-- DATA EXCERPT follows --
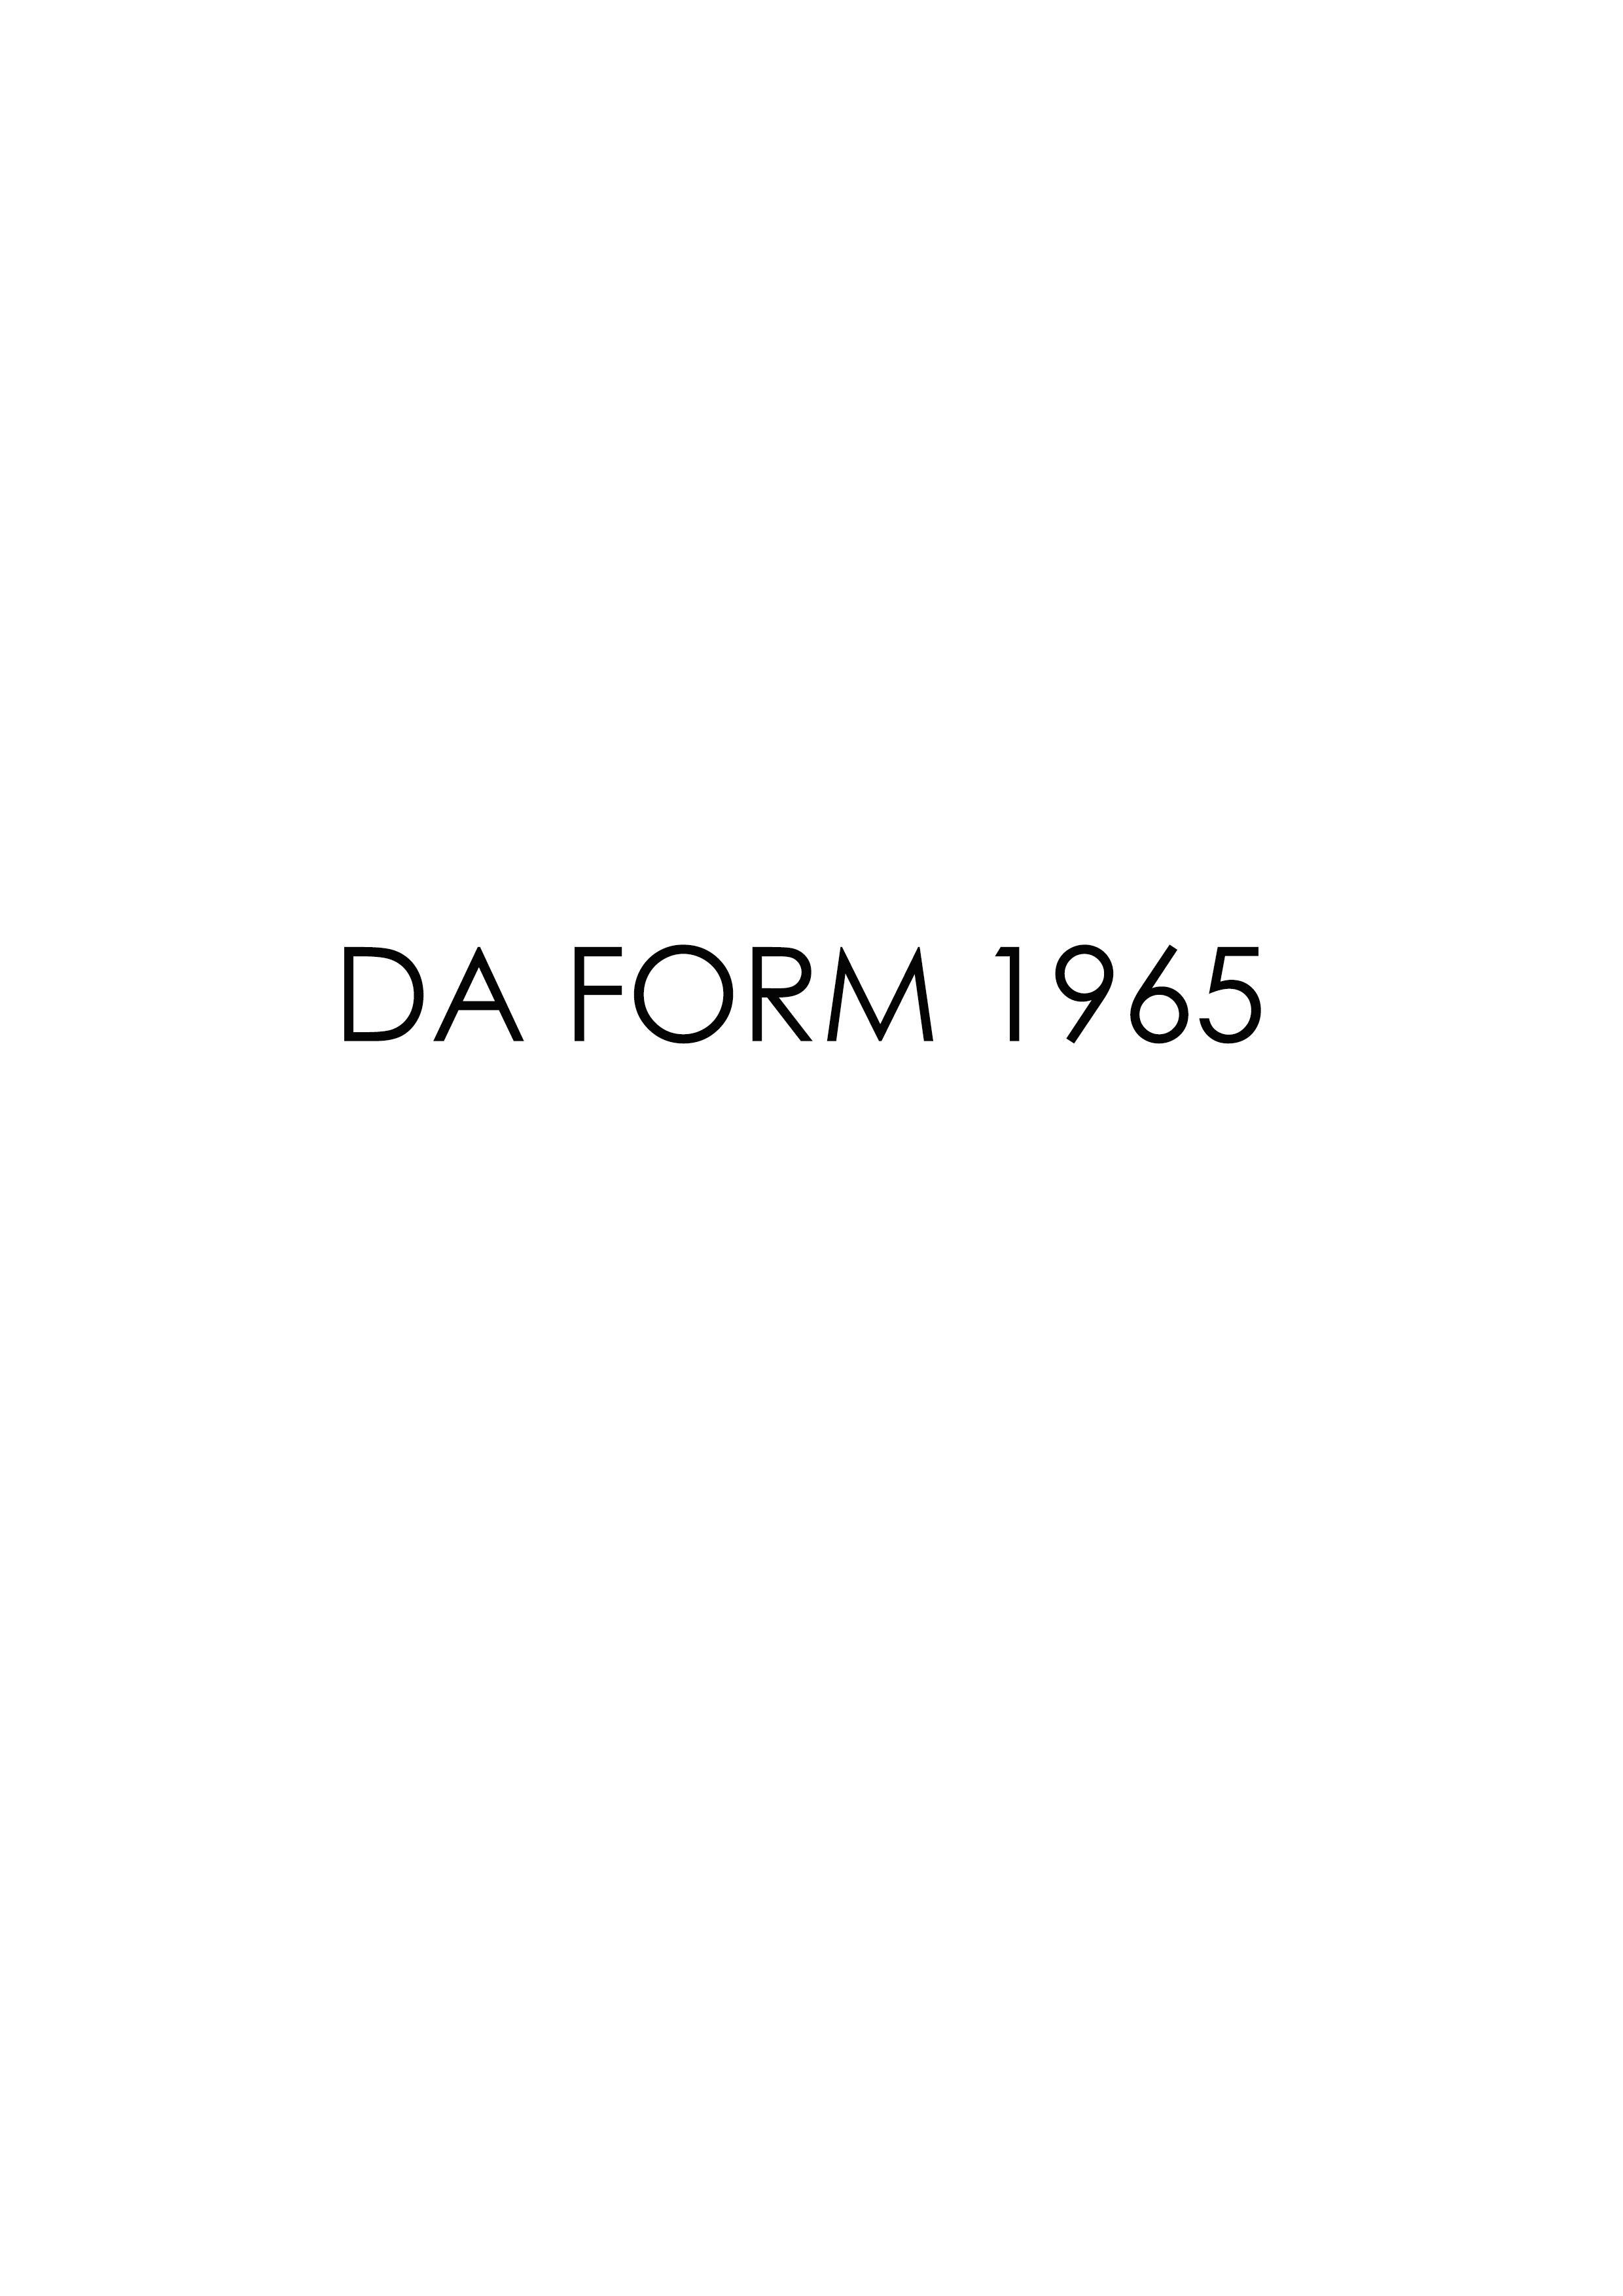 Download da 1965 Form Free
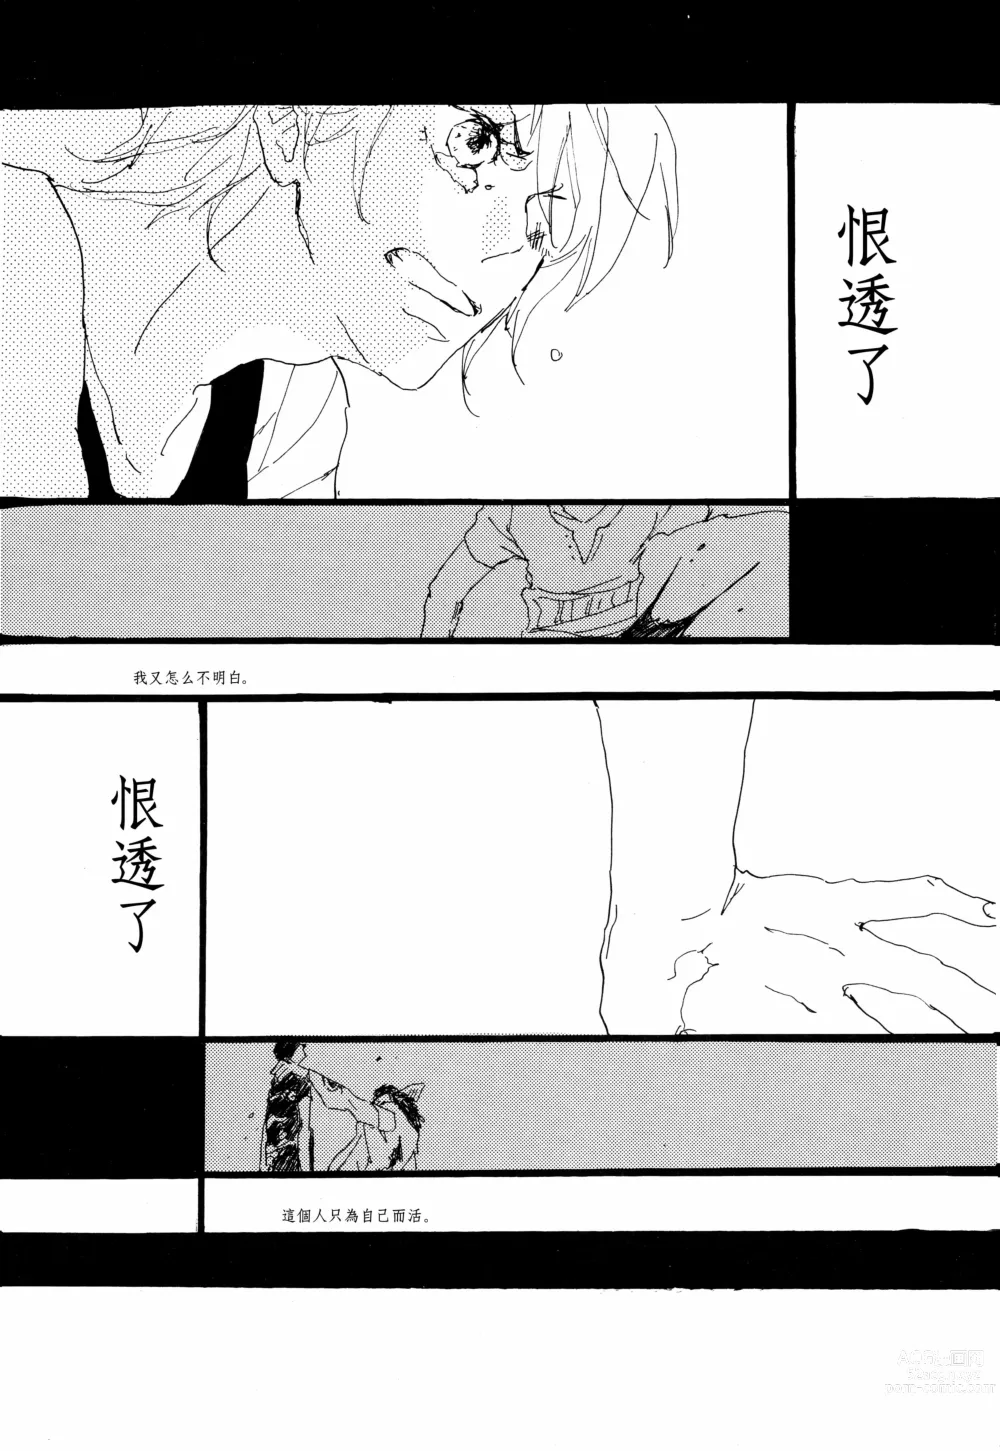 Page 36 of doujinshi Aquakiara
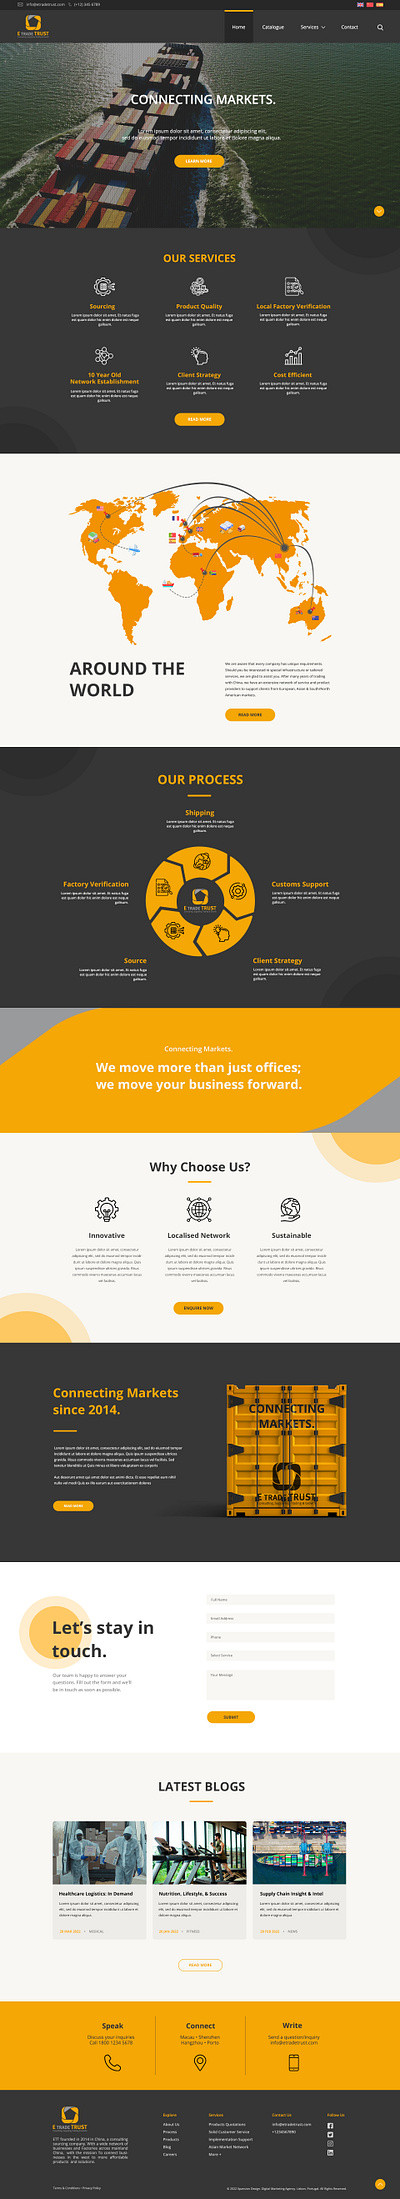 Web Design & Branding - Sourcing Business branding illustration logo style guide web design website
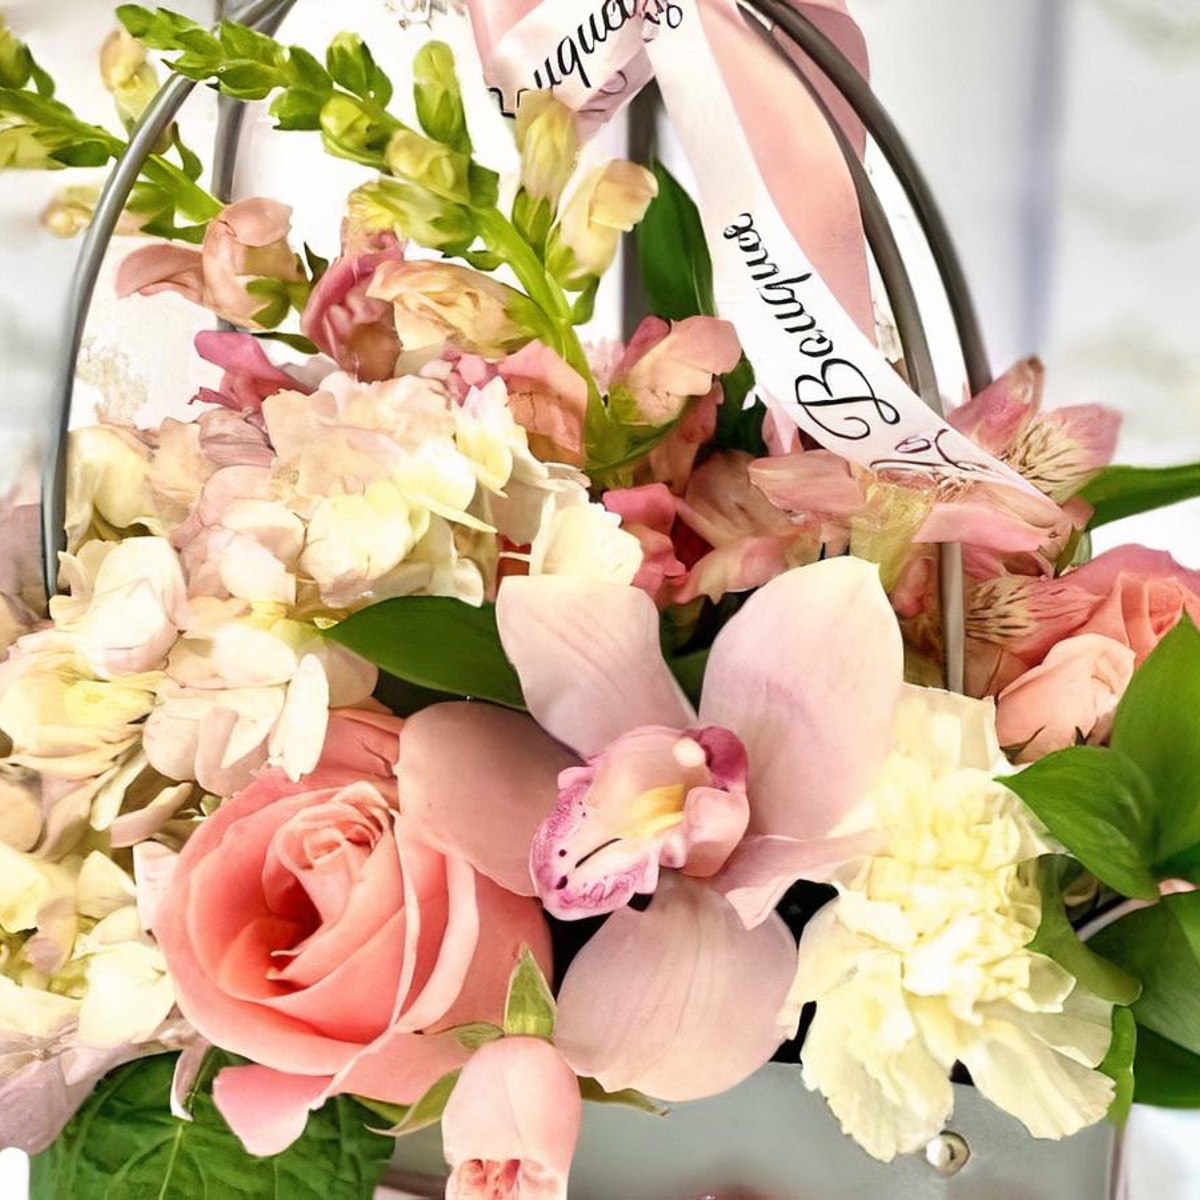 Paper Wrapped Bouquets - Desiner's Choice Orlando Florist
-- DATA EXCERPT concluded --
WORK ORDER
Only what runs from the line with "Page 36 of doujinshi Aquakiara" through the last line of the listing above belongs in the answer, set down exactly and free of pictures.

RESPONSE
 Page 36 of doujinshi Aquakiara
 Web Design & Branding - Sourcing Business branding illustration logo style guide web design website
 Paper Wrapped Bouquets - Desiner's Choice Orlando Florist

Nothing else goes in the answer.